Apparently, he forgot to tell me that the second part of the treatment is to circle the repair with a laser treatment to secure the area. He promised it was not nearly as unpleasant as the first session. Well, it wasn’t as bad as the first session, but it wasn’t pleasant at all – I felt like he was microwaving my eye from the inside out. Then it was back on the couch for another week, but now I could get up one hour for every three.
I was not fully functional for five weeks. The kaleidoscope of black dots disappeared, but the bubble took longer and swam around in my eye like a pollywog for a month. My eye is now quite serviceable, yet I have two semi-transparent “floaters” that have taken up permanent residence in my right eye. They rest quietly there when I read or sit, but spin around a bit when I’m active. They are my constant companions now, and I take them with me wherever I go; a small price to pay for serviceable sight.

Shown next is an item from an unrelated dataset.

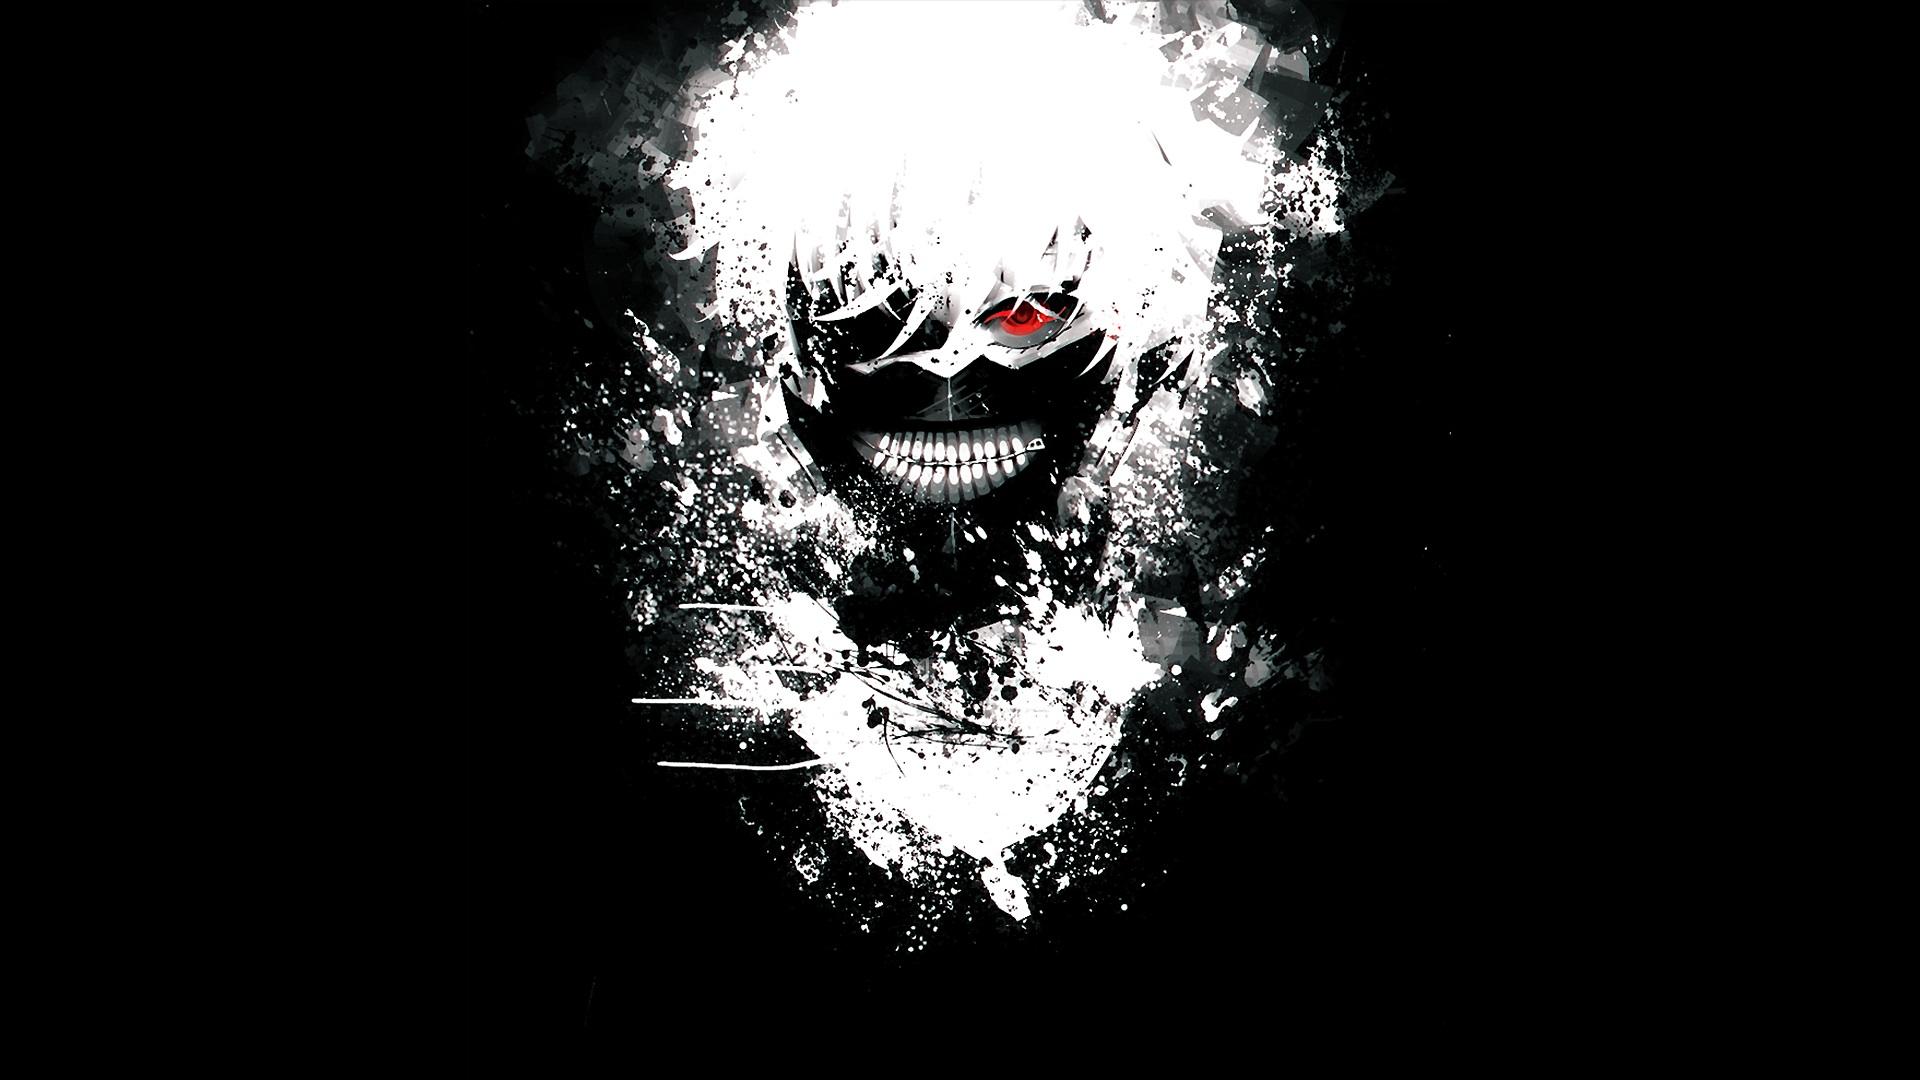 10 Best Badass Desktop Backgrounds 1920x1080 Full Hd 1080p: Tokyo Ghoul Bilder Kaneki Hintergrund HD Hintergrund And

It is frightening to realize that I was in serious jeopardy of losing my eye, and I had much time on my hands during convalescence to mull over what life would be like with only one eye, or even no eyes. What would I do? How independent could I be, living at Windy Hill? Or rather, how much of a burden would I be to my C and other members of my family? It was frightening and depressing. Yet it was only a taste of what it must be like for others who realize they are going blind, that a normal life of independence was about the change forever. I still have difficulty bringing myself to think about it, yet they have to live it.
And that possibility is still there. My surgeon told me that with this one incident, my chances of it occurring again are higher than the medical average. I am to be vigilant of any of the symptoms, and have him on speed-dial for an emergency call if they pop up. It’s like a ghost that haunts me. Perhaps that is a good thing, in a way, for I have a tendency to bury the hard lessons I have learned and forget them, forgetting the empathy and compassion I should have for others in similar straits. Perhaps ghosts are not such evil things after all, if they can help make us better living souls.